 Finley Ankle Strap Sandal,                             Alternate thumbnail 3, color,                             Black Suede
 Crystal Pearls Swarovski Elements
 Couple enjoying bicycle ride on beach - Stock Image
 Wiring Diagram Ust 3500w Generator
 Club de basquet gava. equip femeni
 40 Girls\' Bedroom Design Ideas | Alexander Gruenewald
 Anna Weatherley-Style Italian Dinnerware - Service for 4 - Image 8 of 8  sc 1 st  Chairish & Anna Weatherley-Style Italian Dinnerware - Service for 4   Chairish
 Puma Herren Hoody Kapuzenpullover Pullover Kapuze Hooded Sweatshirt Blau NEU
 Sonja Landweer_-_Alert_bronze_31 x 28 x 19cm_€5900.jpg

^^^^

**EXERCISE PROMPT:**
Write out every entry word for word.

**TASK RESPONSE:**
 Finley Ankle Strap Sandal,                             Alternate thumbnail 3, color,                             Black Suede
 Crystal Pearls Swarovski Elements
 Couple enjoying bicycle ride on beach - Stock Image
 Wiring Diagram Ust 3500w Generator
 Club de basquet gava. equip femeni
 40 Girls\' Bedroom Design Ideas | Alexander Gruenewald
 Anna Weatherley-Style Italian Dinnerware - Service for 4 - Image 8 of 8  sc 1 st  Chairish & Anna Weatherley-Style Italian Dinnerware - Service for 4   Chairish
 Puma Herren Hoody Kapuzenpullover Pullover Kapuze Hooded Sweatshirt Blau NEU
 Sonja Landweer_-_Alert_bronze_31 x 28 x 19cm_€5900.jpg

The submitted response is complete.